And and the fact that I actually heard myself say that out loud, I'm like, damn, I'm really, I'm really uh, I'm really progressing in my emotional and and and and my mental capability when it comes to, uh, just wanting to be a better person. I'm, I'm getting better at being, I'm being, I'm getting better at being around and being in the now and in the observant and being present. And you know, it kind of made me happy. Okay, I'm seeing progress and stuff like that. So every time I have a moment like that, it makes me want to do more, it makes me want to do more, it makes me want to do better, like, for example, my nephew.

Wes:

My nephew just started school back up and I'm like, ok, I said I want to be the cool uncle, the fun uncle. So let me, let's, what uncle things can I do? What should I be doing in this situation? Because you know that sometimes your kids, your, your nephews or your nieces, whoever your cousins, your little cousins all they want is your time. If they think you're a cool person and I am happy to say my, I feel like my nephew thinks I'm a cool person I don't think that sometimes, but he does so the best thing to do was just to do stuff with him like, uh, we went to go get a haircut, we went to go pick up some shoes.

Wes:

He got some shoes, I got some shoes, went to eat Like it was things of that nature and not to say I don't hang out with my nephew or my family and things like that, my nephew or my family and things like that. But it was a, it was a moment to be intentional with uh, the time I spent with him and how I bonded with him and seeing his uh, seeing his back to school pictures that my, that my sister sent me and he had on the shoes that I got him and the nice haircut and he was ready for school. It, I'm not gonna lie, it really made my day.

Wes:

It uh and it, uh, it warmed my heart in a way that I didn't. I've never had it warmed, not to say I've no one's ever warmed my heart, but this was a different type of feeling and uh, and I uh.
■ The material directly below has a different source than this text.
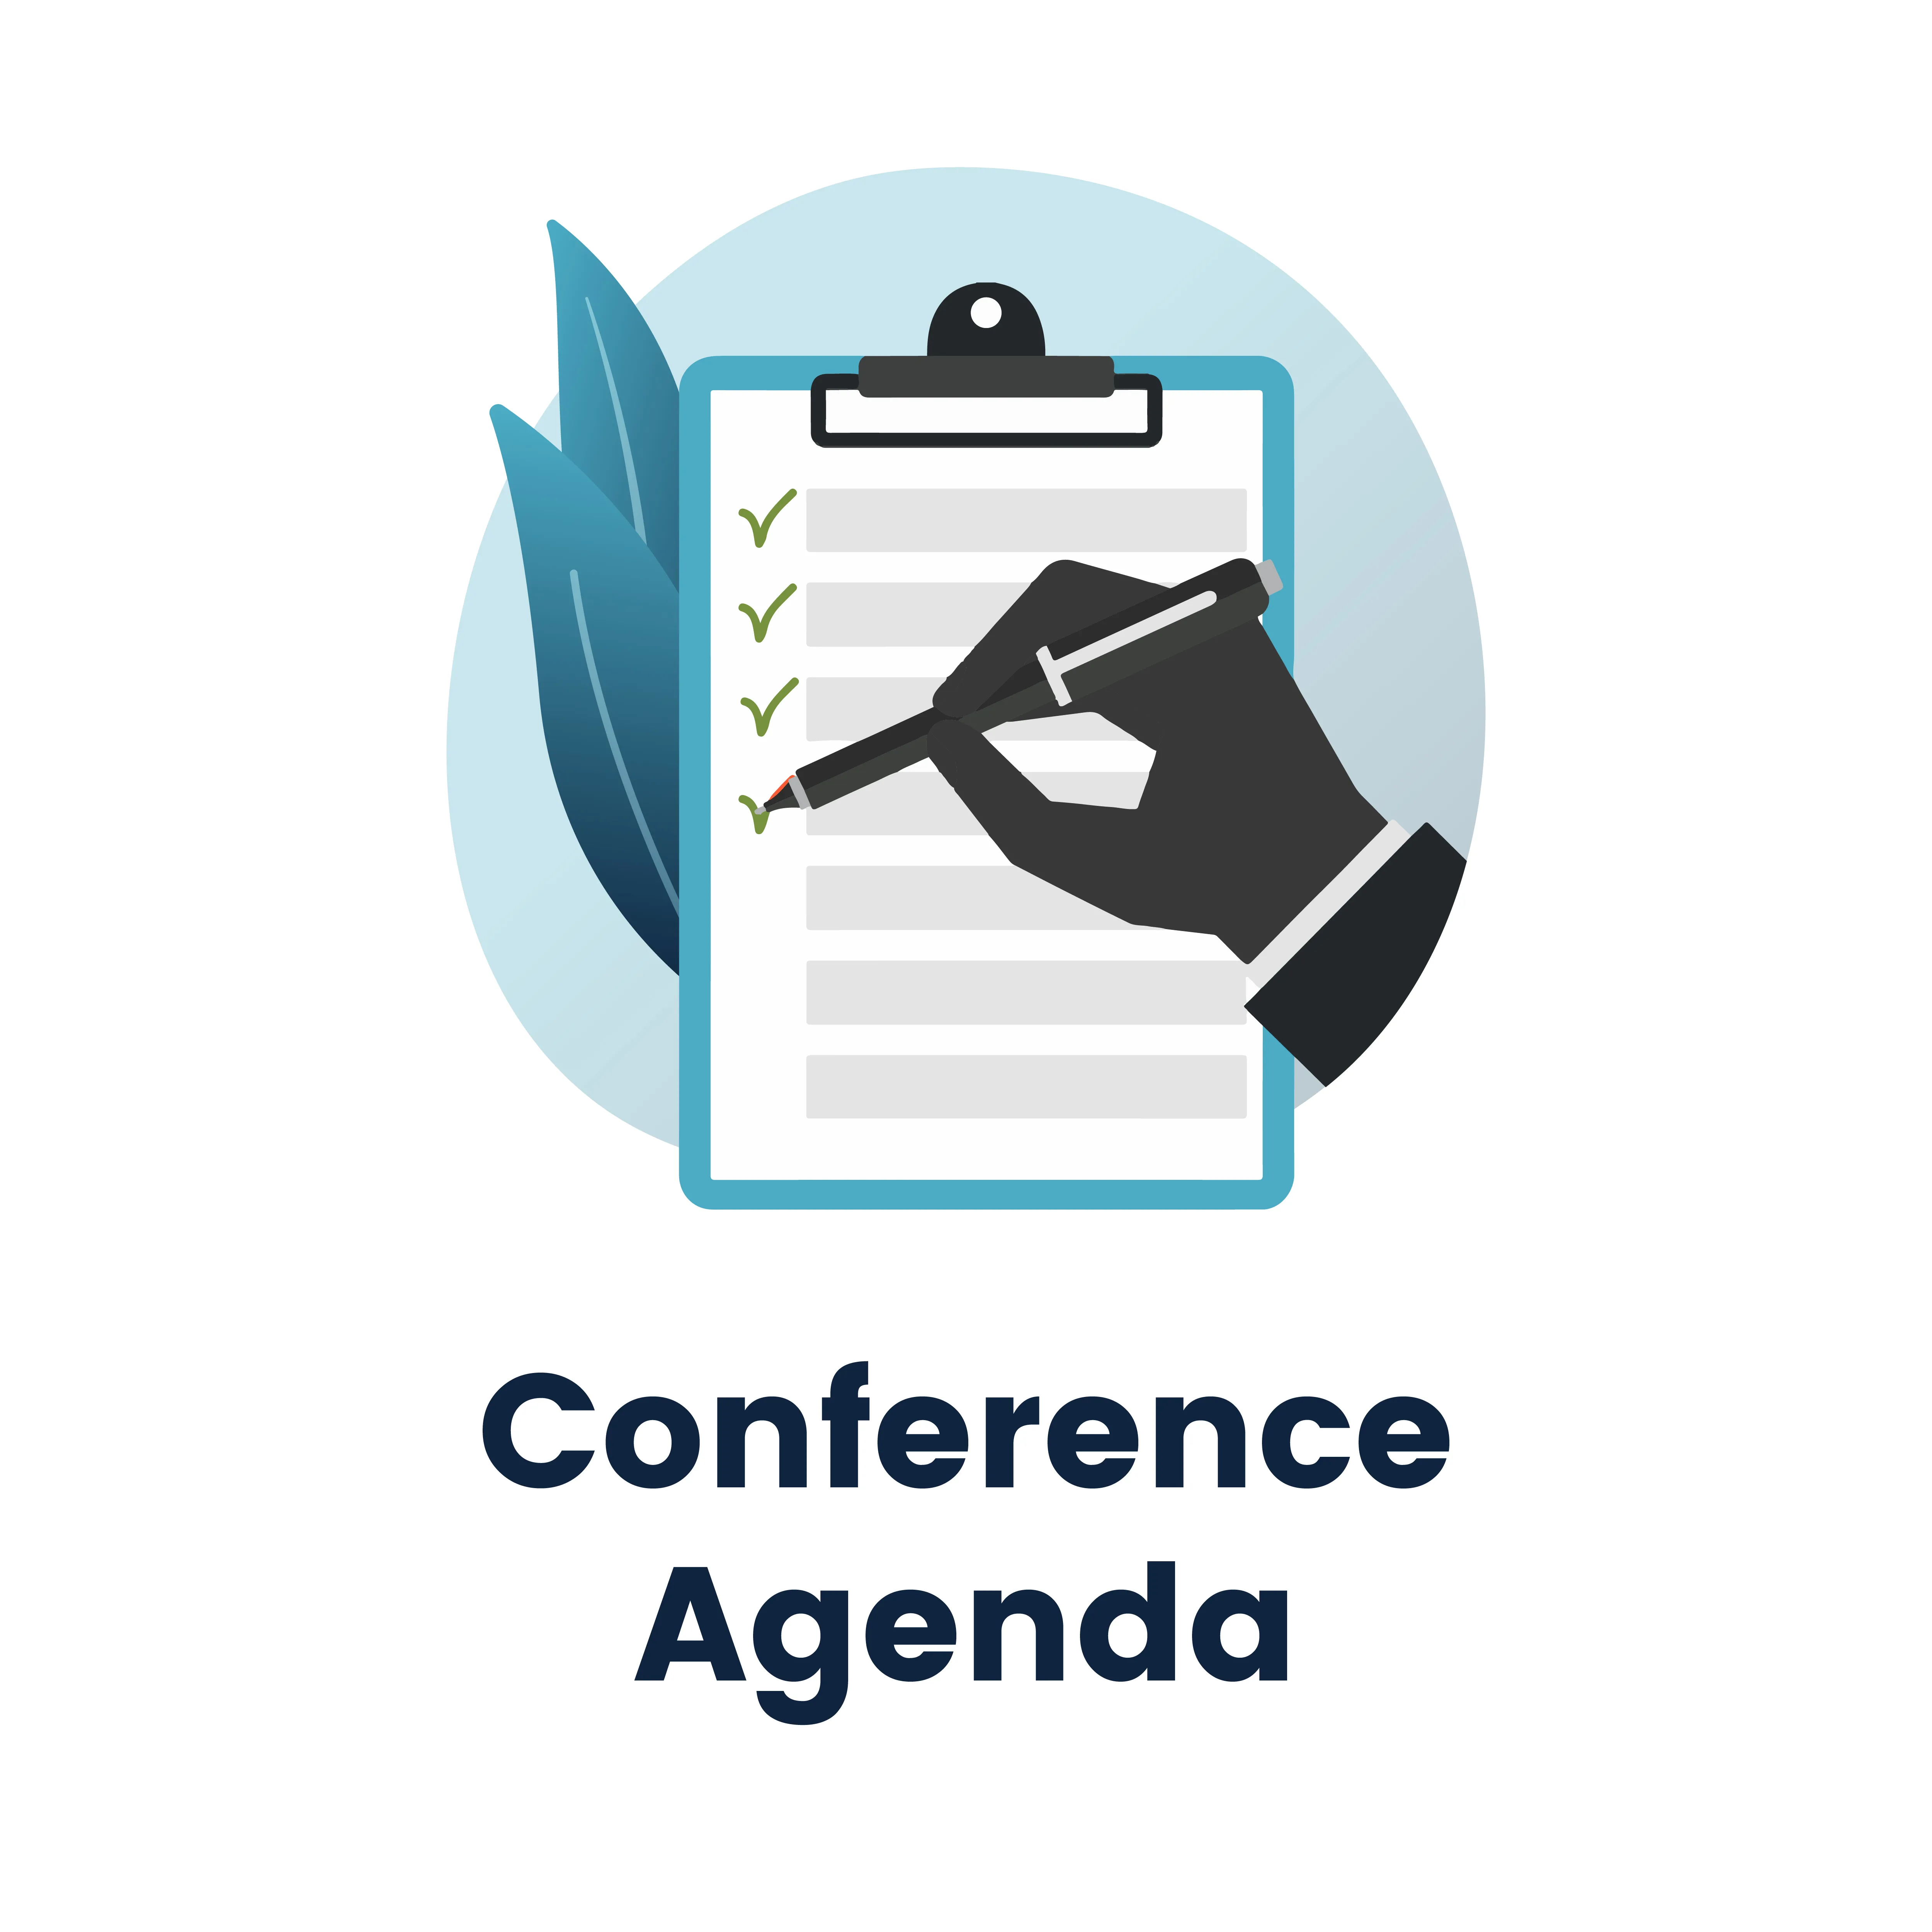 Conference Event Agenda

At that moment I got what it means to be present. I got what it means to to actually uh kind of live and not just have life happen to you. I also understood that me wanting to be a better person is not a okay, I did this one thing I should be done, or I'm talking about it and not put forth the effort. I'm talking about it, but I'm also not putting forth the effort.

Wes:

So it's just as good, because I know my flaws and I want to say that was a turning point no, I'm not gonna say I want to say I'm gonna say that was a turning point for me because I got a positive internal response from that. I didn't do those things to for him to like me or anything like that. I did it because I said I was, that's who I want to be. These are the characteristics of, uh, what I feel like is a good uncle I should be doing that stuff more. The characteristics of being a good friend I should be doing that more.

Wes:

And it's turning out to be very, very fruitful. My family sees me differently when stuff like that happens. My friends see me differently. I'm thriving on the fact that I am actively developing I don't want to say actively developing a tribe, but just good relationships, because at the end of the day, that's kind of all we have is our relationships with people, because all the material things can come and go right. So I'm forever going to talk about being a good man, but I'm definitely going to being a good man, or being a good me, being who I say I'm going to be. I'm always going to talk about it, but I'm definitely putting actions behind it.

Wes:

I don't know, I guess I can chalk it up to getting older, uh, wiser, grayer, but it is following or or, or attempt not attempting, but yeah, attempting to to to improve upon those things such as, you know, your patience and stuff like that. It's, it's hard work. I wake up every day literally saying, all right, this is what you're going to do. All right, you're going to actually be aware, don't be on cruise control, don't have a what do you call it? A, uh, a flow chart life where one person says how you're doing and you say, I'm all right and you keep it moving like well. If I thought you say I'm okay because you're programmed to think you're you know to say you're okay or I'm good or good morning.

Wes:

Good morning, like that type of thing. Like, spice it up, don't live on uh cruise control. So, yeah, it's it's. I struggle with it. I'll probably uh continue to uh get better. Uh, it's not something that I'll probably uh achieve, because nobody's perfect, but I'm. I'm here for the journey. I'm here for continue to get better. It's not something that I'll probably achieve, because nobody's perfect, but I'm here for the journey. I'm here for the challenge. Ultimately, this quote is a direct challenge to our ego. It tells us to stop seeking external validation through our words and start building a strong inner character through our actions. It's a call to stop debating our values and start living them. I want to thank you for joining me on the According to West podcast. Until next time, may you have the courage to stop arguing about what a good person you should be and simply be one.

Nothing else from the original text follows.